A Boolean least-squares can be formulated as follows

\begin{array}{ll} \text{minimize} & \operatorname{tr}(A^TAX) - 2b^TAx + b^Tb\\ \text{subject to} & X = xx^T\\ & X_{ii} = 1\end{array}

which can be further formulated as

$$\begin{align*} &\operatorname{trace}(A^TAX) - 2b^TAx + b^Tb\\ =&\operatorname{trace}\left[(x^TA^T-b^T)(Ax - b)\right]\\ =&\operatorname{trace}\left[\pmatrix{x^T&1}\pmatrix{A^T\\ -b^T}\pmatrix{A&-b}\pmatrix{x\\ 1}\right]\\ =&\operatorname{trace}\left[\pmatrix{A^T\\ -b^T}\pmatrix{A&-b}\pmatrix{x\\ 1}\pmatrix{x^T&1}\right]\\ =&\operatorname{trace}\left[ \underbrace{\pmatrix{A^TA&-A^Tb\\ -b^TA&b^Tb}}_B \underbrace{\pmatrix{X&x\\ x^T&1}}_Y\right]. \end{align*}$$

and we require the $Y \succeq 0$ (I just omit other constraints here for simplicity). So, is the expression of $X\succeq xx^T$ equvilant to the expression of $Y\succeq0$? As I saw this equivalence in Professor Boyd's convex optimization PPT, but I don't how to prove it.

Reference

1. Convex Optimization [PDF].

Answer 1

Suppose $\begin{bmatrix} A & v \\ v^T & 1 \end{bmatrix} \ge 0$.

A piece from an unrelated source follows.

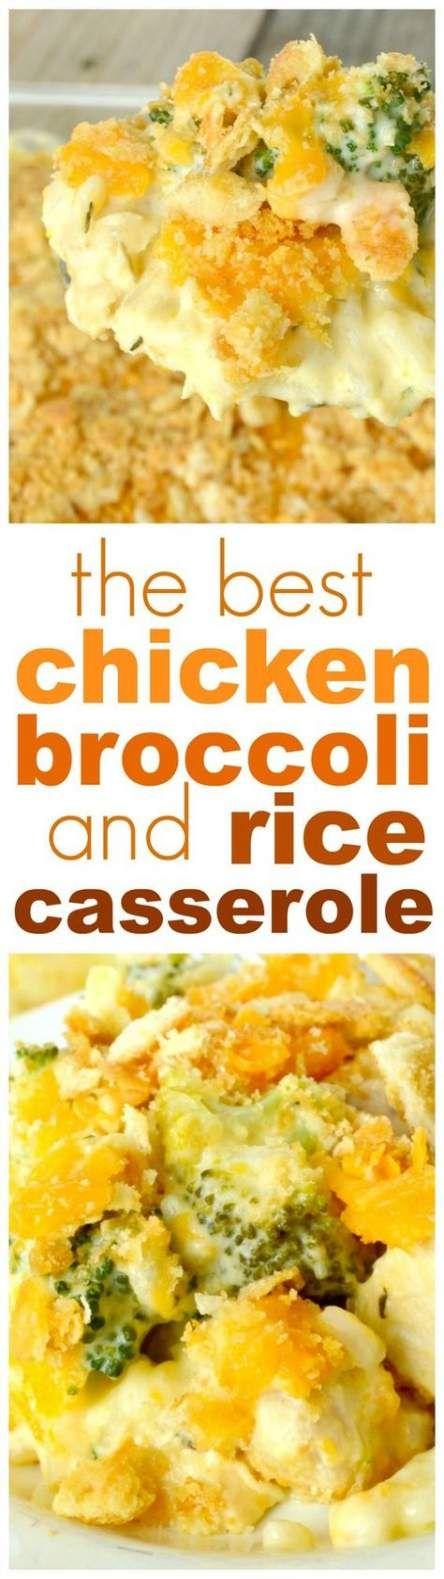 Best chicken recipes casserole ritz crackers comfort foods 45 Ideas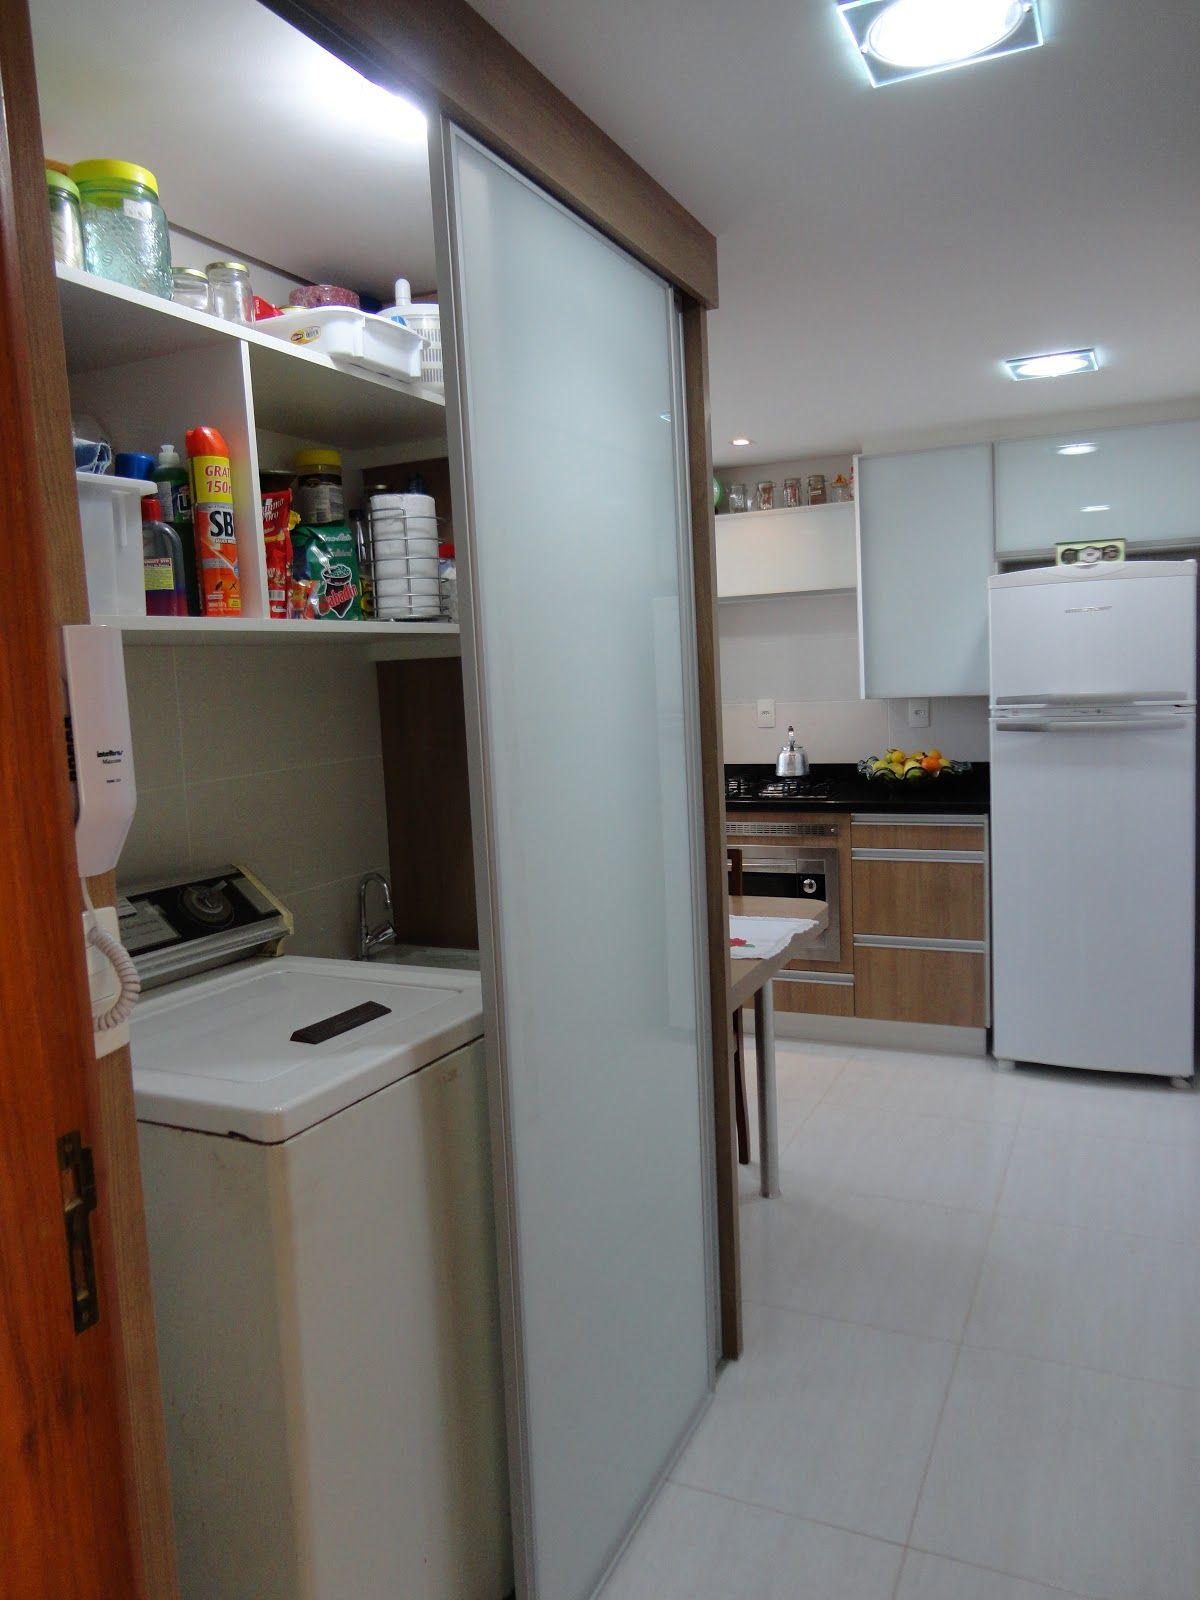 Pin by hjoshi on hjoshi.home | Pinterest | Laundry, Laundry rooms ...

Then $\begin{bmatrix} x \\ \alpha \end{bmatrix}^T \begin{bmatrix} A & v \\ v^T & 1 \end{bmatrix} \begin{bmatrix} x \\ \alpha \end{bmatrix} = x^T Ax +2 \alpha x^Tv + \alpha^2 \ge 0$. Choose $\alpha = - x^T v$ to obtain $A \ge v v^T$.

For the other direction, suppose $A \ge v v^T$, then $x^T Ax +2 \alpha x^Tv + \alpha^2 \ge (x^Tv)^2+ 2 \alpha x^Tv + \alpha^2 \ge (x^Tv)^2 = (x^T v + \alpha)^2 \ge 0$.